Artisan Antonia Panjoj Guarcax
Antonia Panjoj Guarcax is an exceptional woman with an inspiring story. In response to a massacre in the early 1980's, Antonia founded a weaving group in her mountain village in the highlands of Western Guatemala. Antonia's exceptional leadership and values have supported the women in her group for over twenty years. Traditionally, weaving was a cultural activity for indigenous women who wove almost exclusively for their families. However, after many women lost their husbands, brothers, father and uncles in the massacre, selling their weavings became an economic strategy vital to their survival. Antonia works to help her group gain markets for their weavings, aiding in the economic vitality of her community.

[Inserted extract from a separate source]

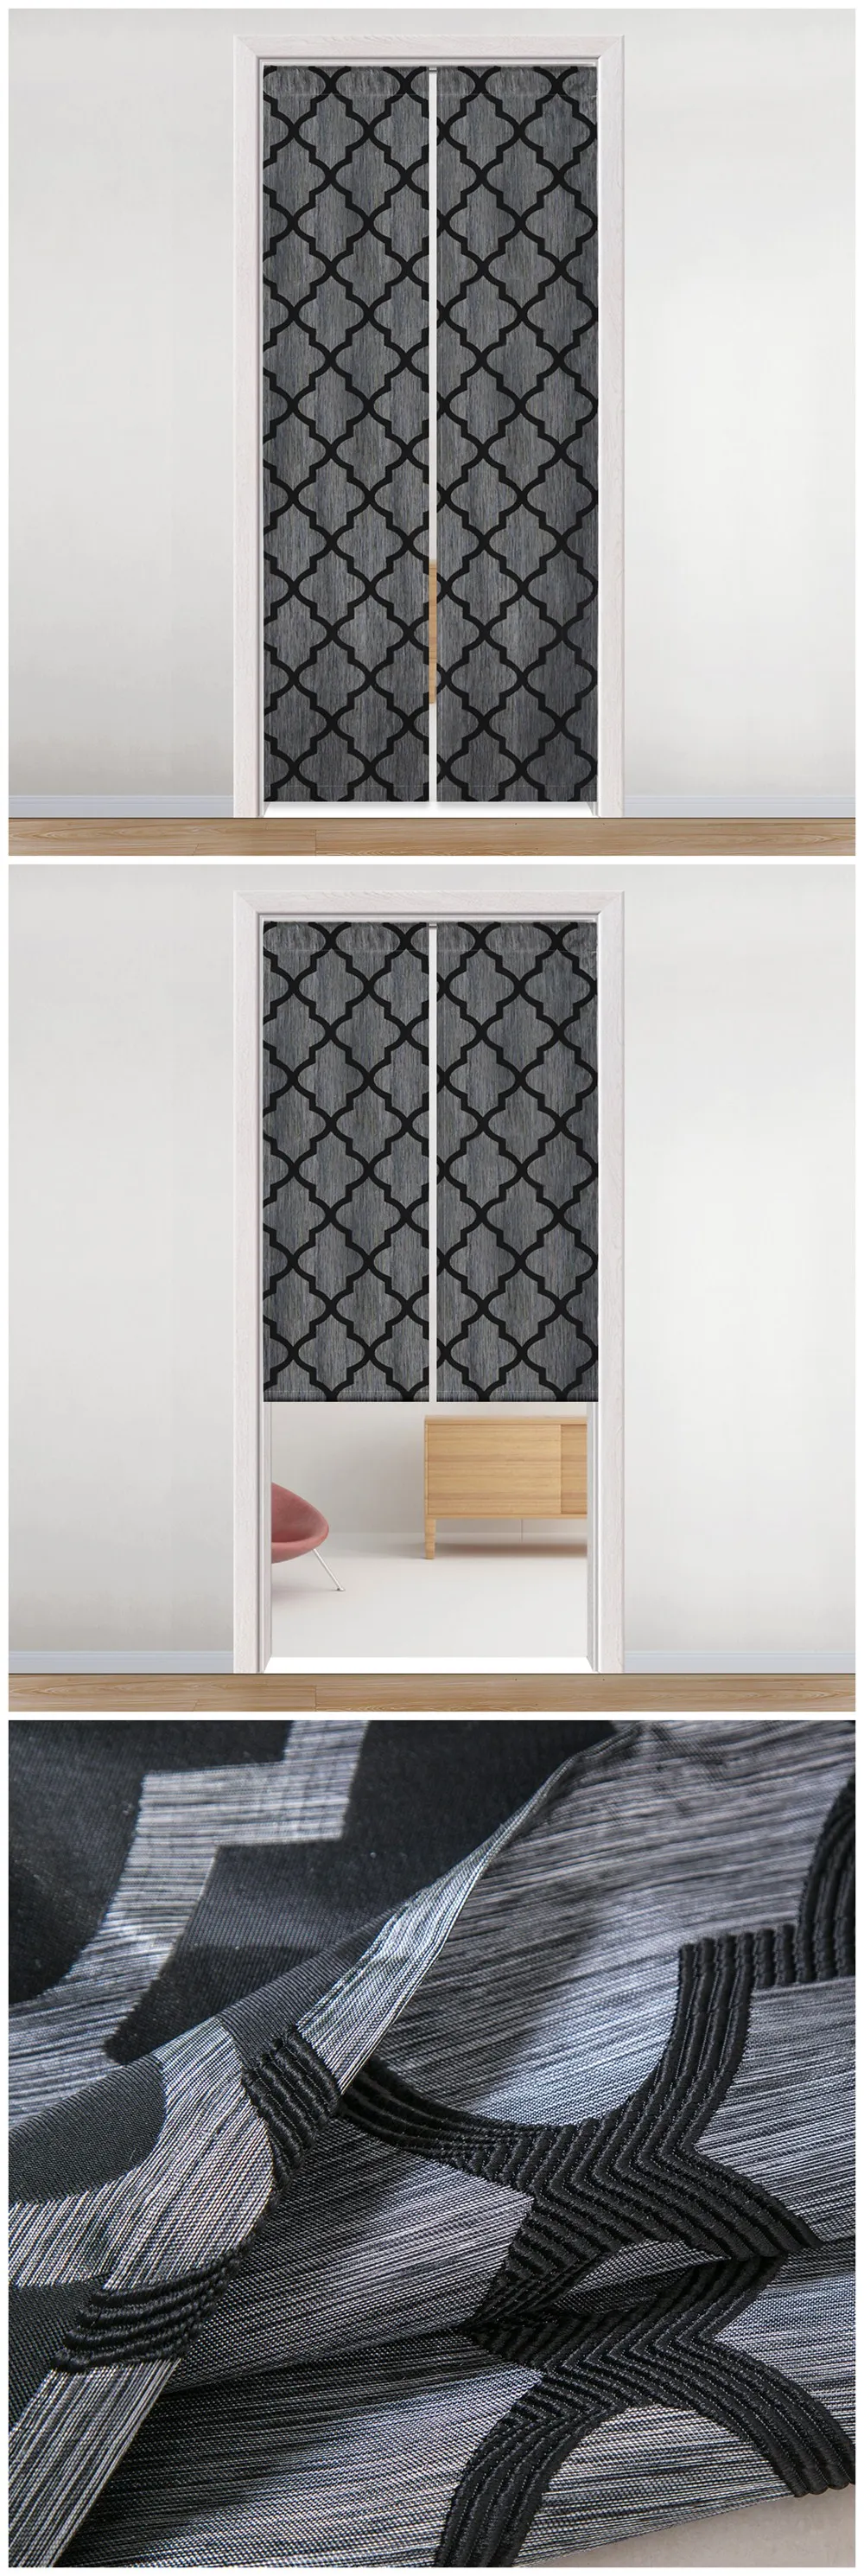 LOZUJOJU простая клетка, жаккард шторы для двери для спальни стержень Карманный обработки полу тени капли нить ткань современный дизайн

One of Antonia's most successful initiatives resulted in the building of a community center for her weaving group. In collaboration with a fair trade organization, her group received and paid back a loan for communal land where members plant and harvest corn to sell when yearly supplies dwindle. These funds serve as capital for the group's projects. Later on, the weavers and their families provided labor to build the community center on this communal land.
Antonia's success as a leader and artisan has brought opportunity to her family as well. Antonia's son, Gilberto, is attending medical school at the San Carlos University in Guatemala City and her daughter, Yolanda, is learning leadership skills as an intern with a local organization where she helps facilitate adult education.